=== YOUR ASSIGNMENT ===
The result should be an exact copy of only the lines from the one holding "Twerking atashi, osu" through the last line of the data below, please, without pictures.

Segment Start: RECORDED INFORMATION

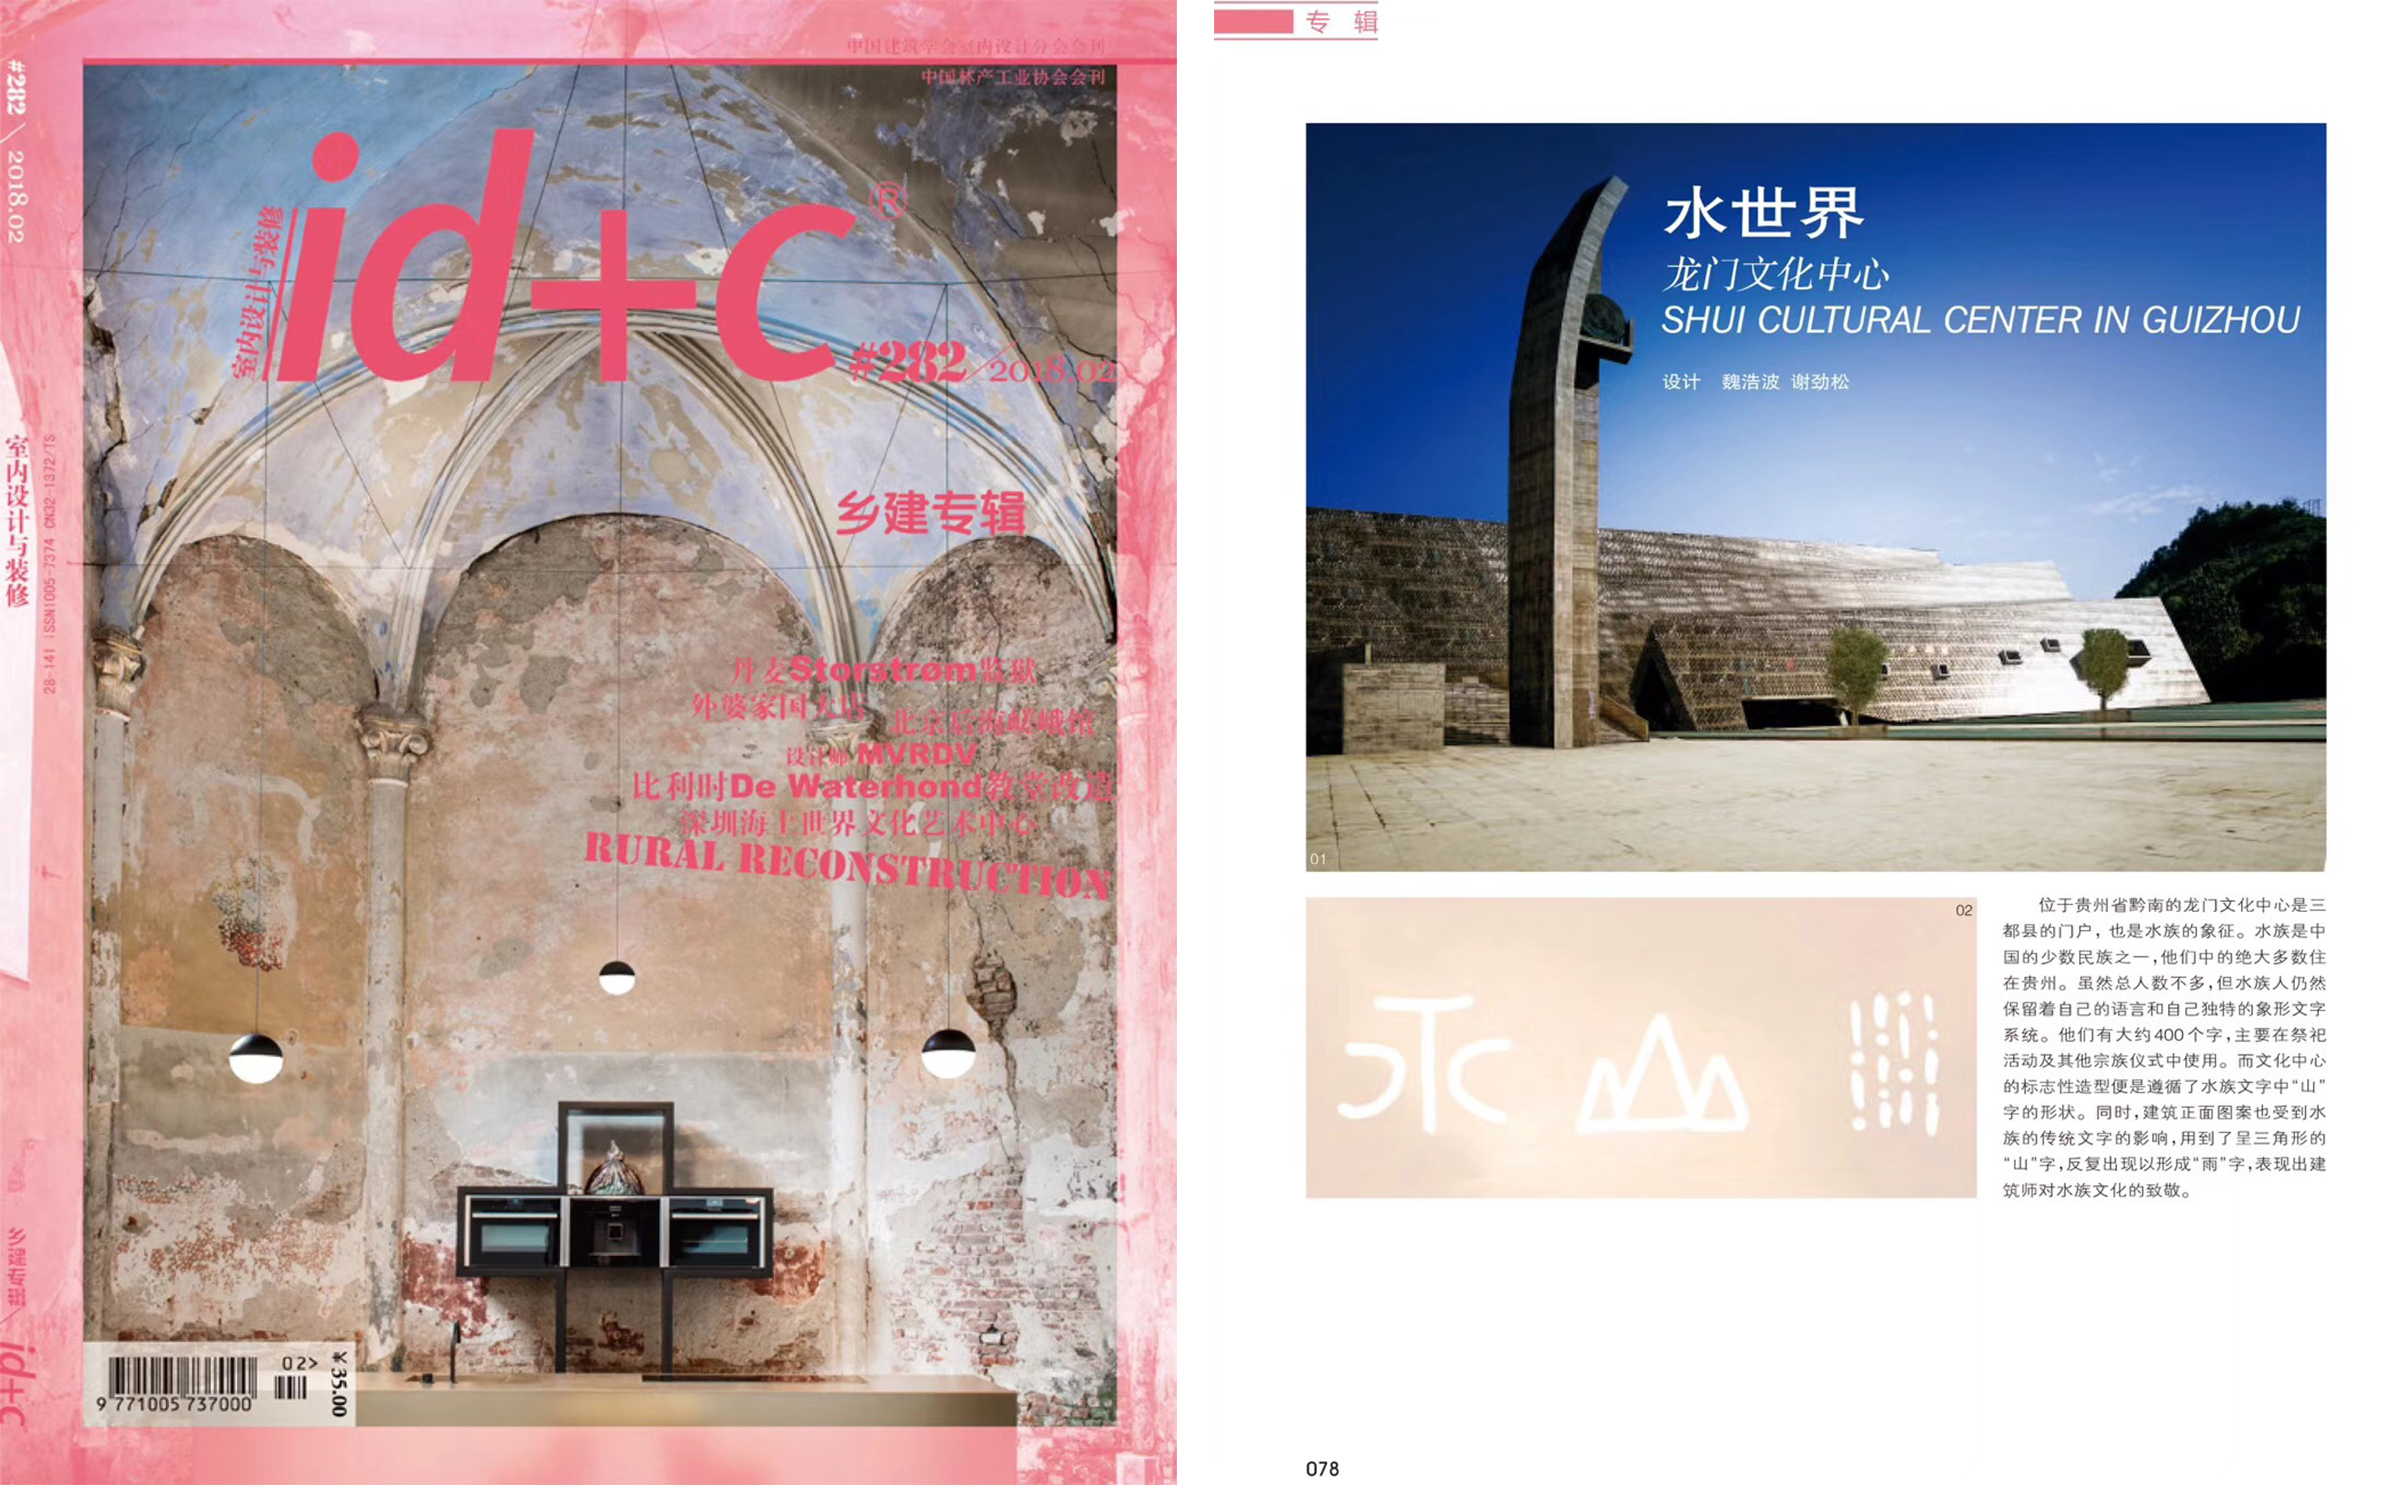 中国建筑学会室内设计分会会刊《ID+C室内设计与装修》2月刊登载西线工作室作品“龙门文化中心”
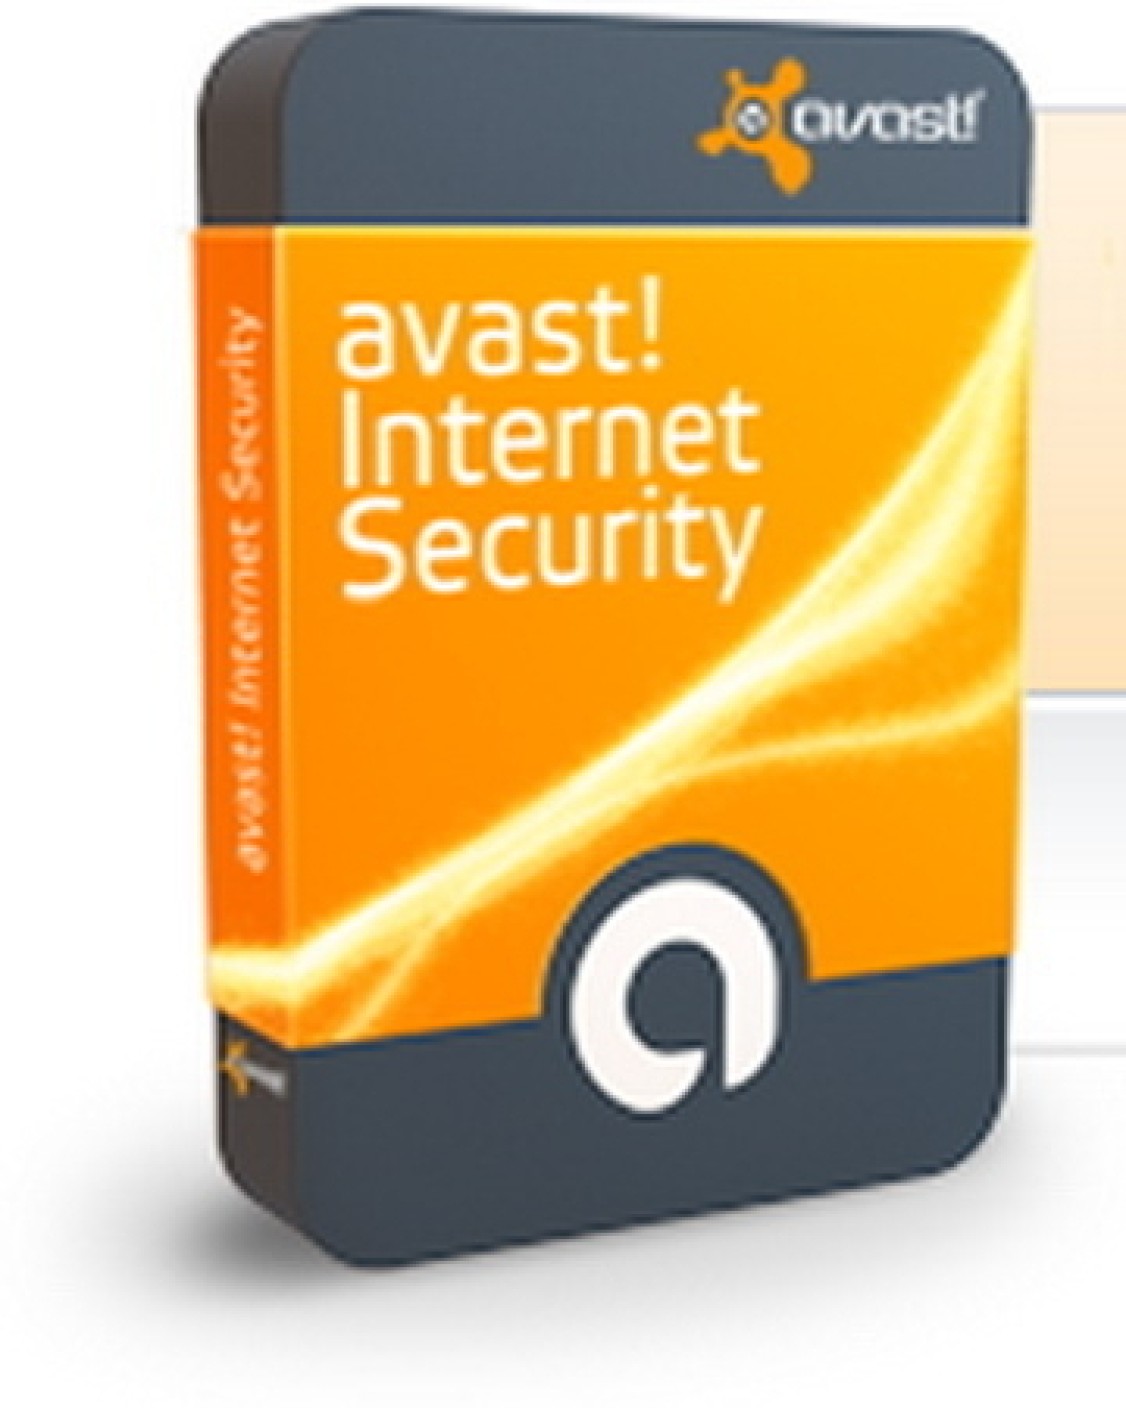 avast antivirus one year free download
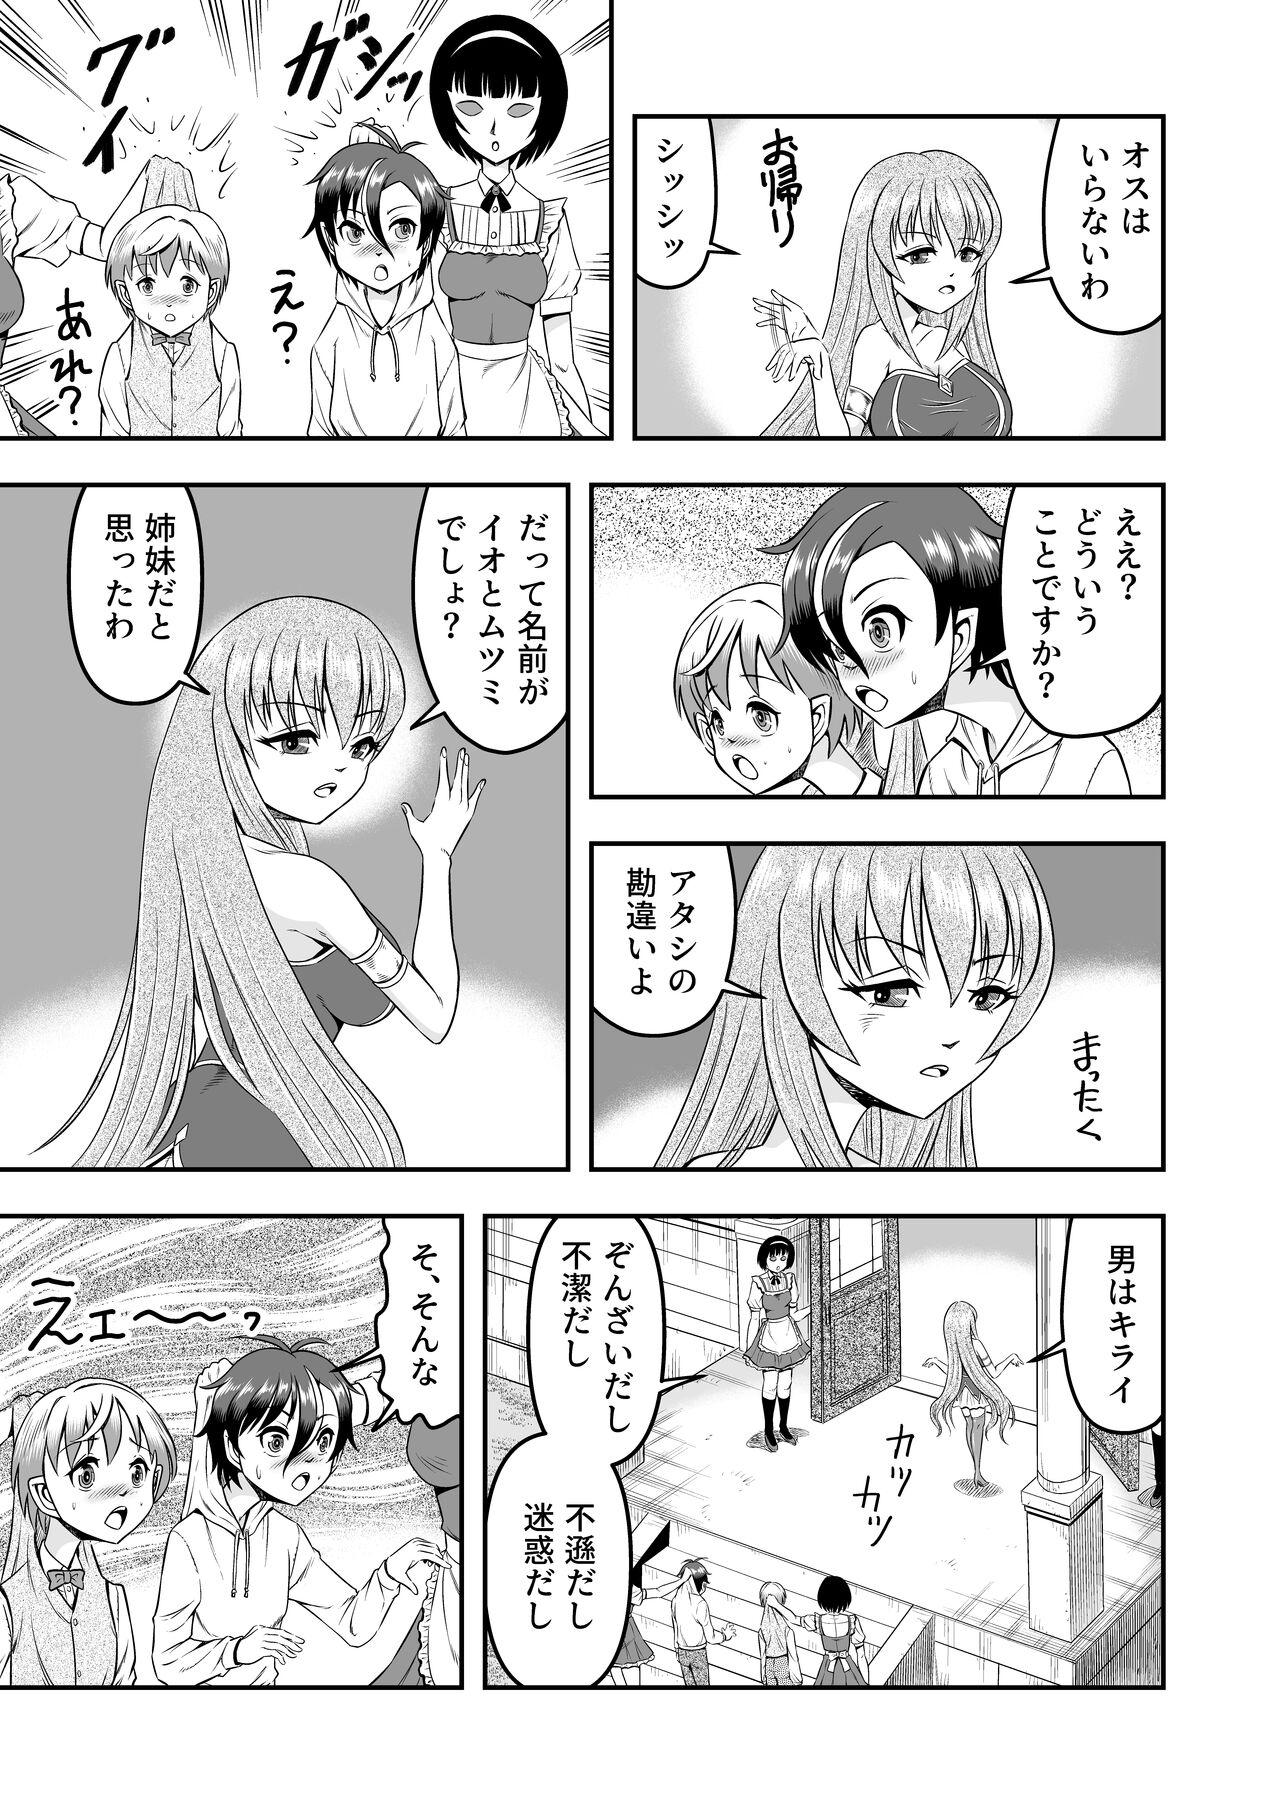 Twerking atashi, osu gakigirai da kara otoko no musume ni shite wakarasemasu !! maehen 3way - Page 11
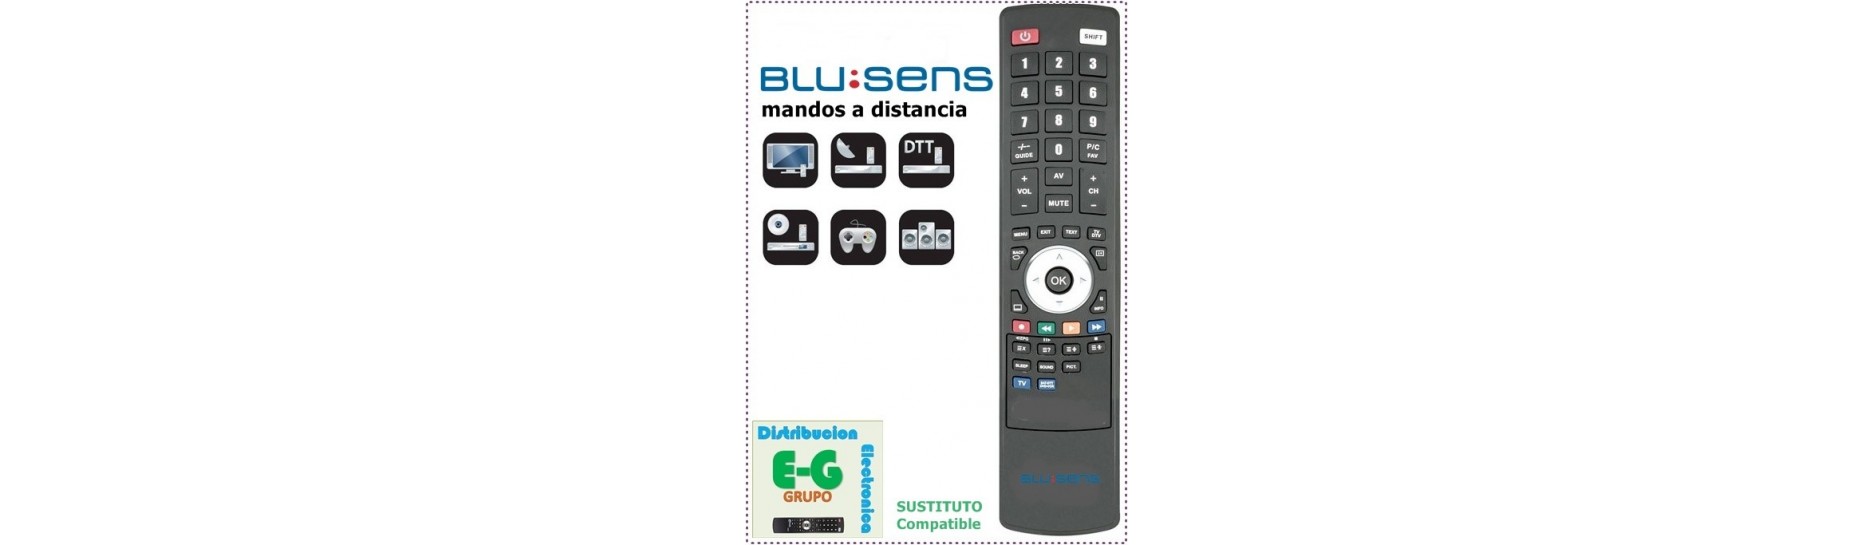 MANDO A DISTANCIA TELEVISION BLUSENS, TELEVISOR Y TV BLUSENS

Segment End: RECORDED INFORMATION

=== SOLVED EXERCISE ===
 Twerking atashi, osu gakigirai da kara otoko no musume ni shite wakarasemasu !! maehen 3way - Page 11
 MANDO A DISTANCIA TELEVISION BLUSENS, TELEVISOR Y TV BLUSENS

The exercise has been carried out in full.